Methylation of the D4Z4 repeat array at chromosome 4q35 defines disease status in facioscapulohumeral muscular dystrophy

Termin

Datum: 23.03.2023

Zeit: 15:50 – 15:55

Redezeit: 4 Min.

Diskussionszeit: 1 Min.

Ort / Stream:

Hörsaal A1

Session

Themen

Biomarker - molekular, klinisch, digital
Diagnostische Verfahren

Mitwirkende

Hannes Erdmann (München / DE), Florentine Scharf (München / DE), Dr. Stefanie Gehling (München / DE), Dr. Anna Benet-Pagès (Neuherberg / DE; München / DE), Dr. Sybille Jakubiczka (Magdeburg / DE), Dr. Kerstin Becker (München / DE), Dr. Maria Seipelt (Marburg / DE), Dr. med Felix Kleefeld (Berlin / DE), Dr. Karl Christian Knop (Hamburg / DE), Dr. Eva-Christina Prott (Wuppertal / DE), Dr. Miriam Hiebeler (München / DE), Dr. Federica Montagnese (München / DE), Dr. Dieter Gläser (Neu-Ulm / DE), Prof. Dr. Matthias Vorgerd (Bochum / DE), Univ.-Prof. Dr. med. Tim Hagenacker (Essen / DE), Prof. Dr. Maggie C. Walter (München / DE), Priv.-Doz. Dr. med. Peter Reilich (München / DE), Dr. Teresa Neuhann (München / DE), Prof. Dr. Martin Zenker (Magdeburg / DE), Prof. Dr. Elke Holinski-Feder (München / DE), Prof. Dr. med. Benedikt Schoser (München / DE), Prof. Dr. Angela Abicht (München / DE)

Abstract

Abstract-Text (inkl. Referenzen)

Genetic diagnosis of facioscapulohumeral muscular dystrophy (FSHD) remains a challenge in clinical practice due to incomplete penetrance and epistatic effects of the underlying genetic parameters, which also hinders prediction of clinical severity. We implemented a high-throughput methylation profile analysis for the diagnosis of FSHD based on determining the global methylation level of the D4Z4 repeat array and the regional methylation of the most distal repeat unit by combining bisulfite conversion with next-generation sequencing (NGS) and a bioinformatics pipeline.

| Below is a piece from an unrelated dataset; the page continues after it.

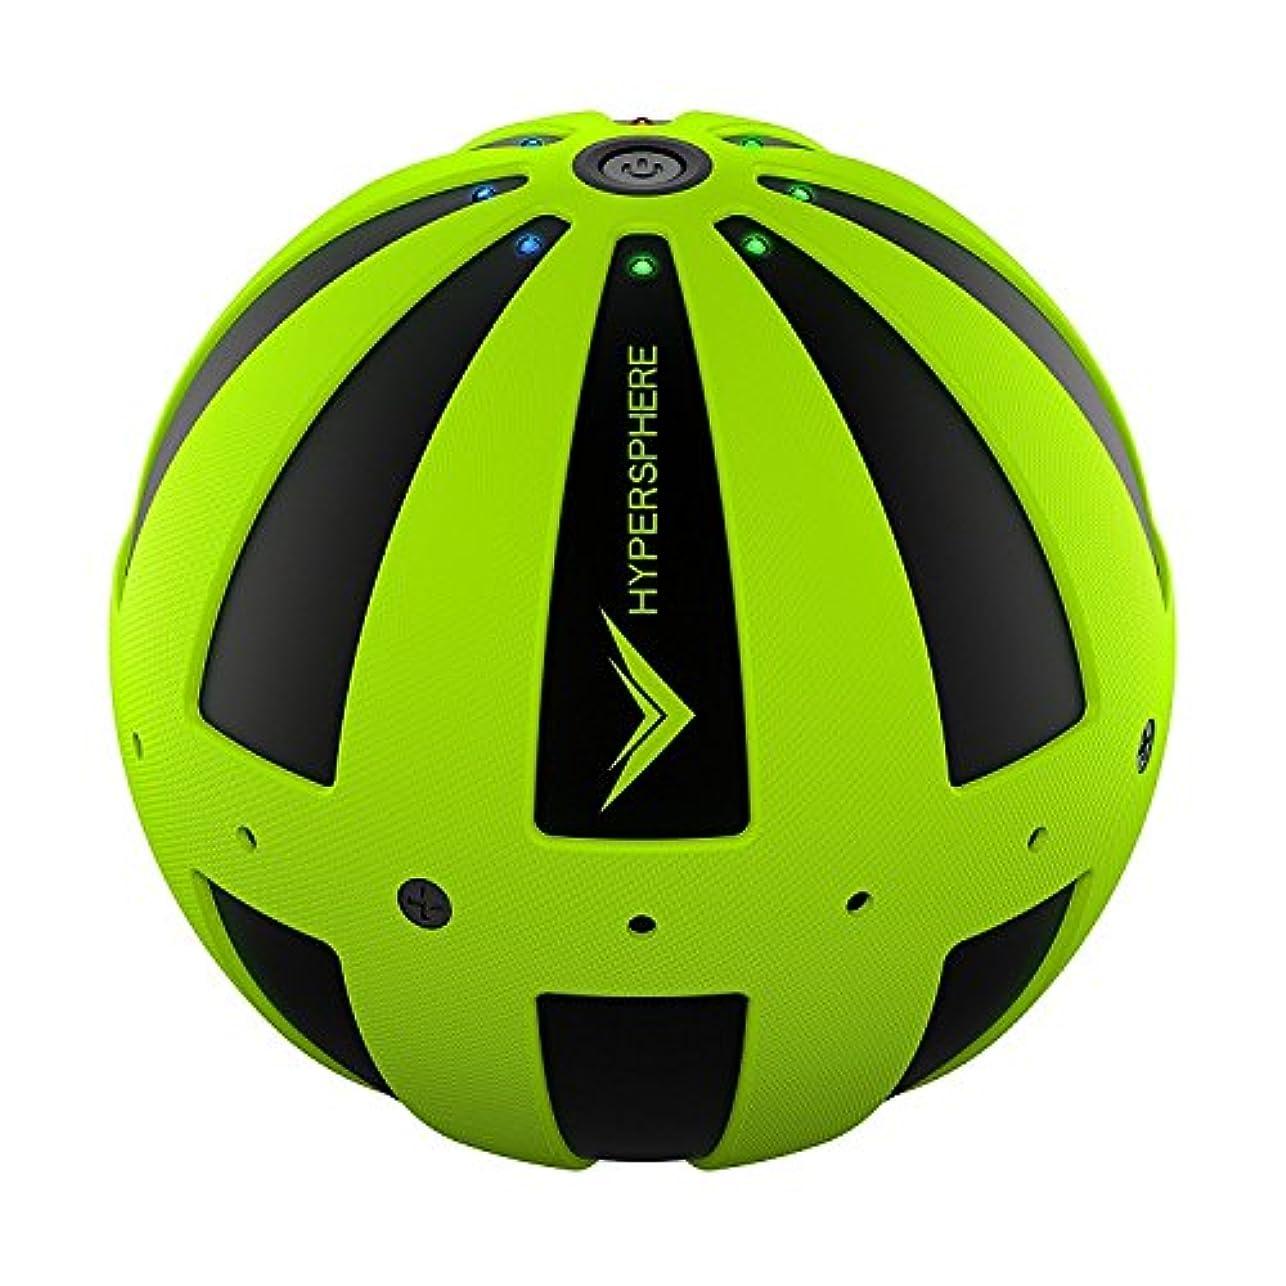 高層ビル構成する問い合わせHyperice Hypersphere Vibrating Therapy Ball (並行輸入品)
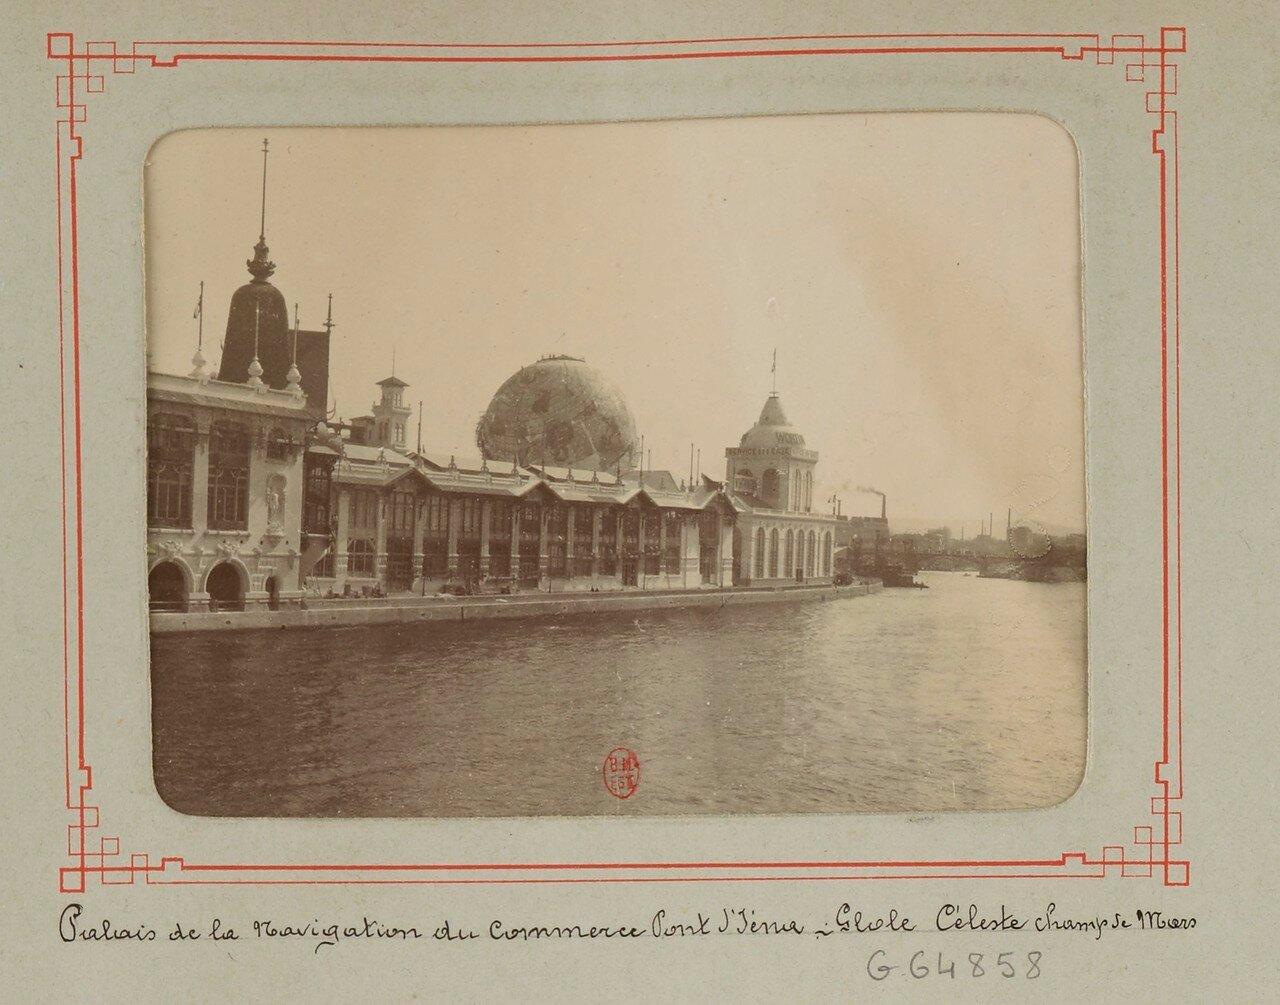 37. Павильон Мореплавания и Коммерции, мост Йены

We analyzed a cohort of 148 patients with FSHD phenotype and compared the epigenetic parameters to genetic ones of conventional genetic testing. In addition, we studied the correlation of distal methylation level with age-corrected clinical severity and age at disease onset in FSHD patients. Our study shows that methylation profiles are reliable parameters for the diagnosis of FSHD, allowing discrimination between FSHD patients and healthy individuals, while simultaneously distinguishing FSHD1 and FSHD2. The strong correlation observed between methylation level and age-corrected clinical severity indicates that the methylation level can serve as a biomarker for disease severity and as a prognostic marker. Our findings indicate that epigenetic parameters rather than genetic parameters represent FSHD disease status and may serve as a valuable biomarker for disease status.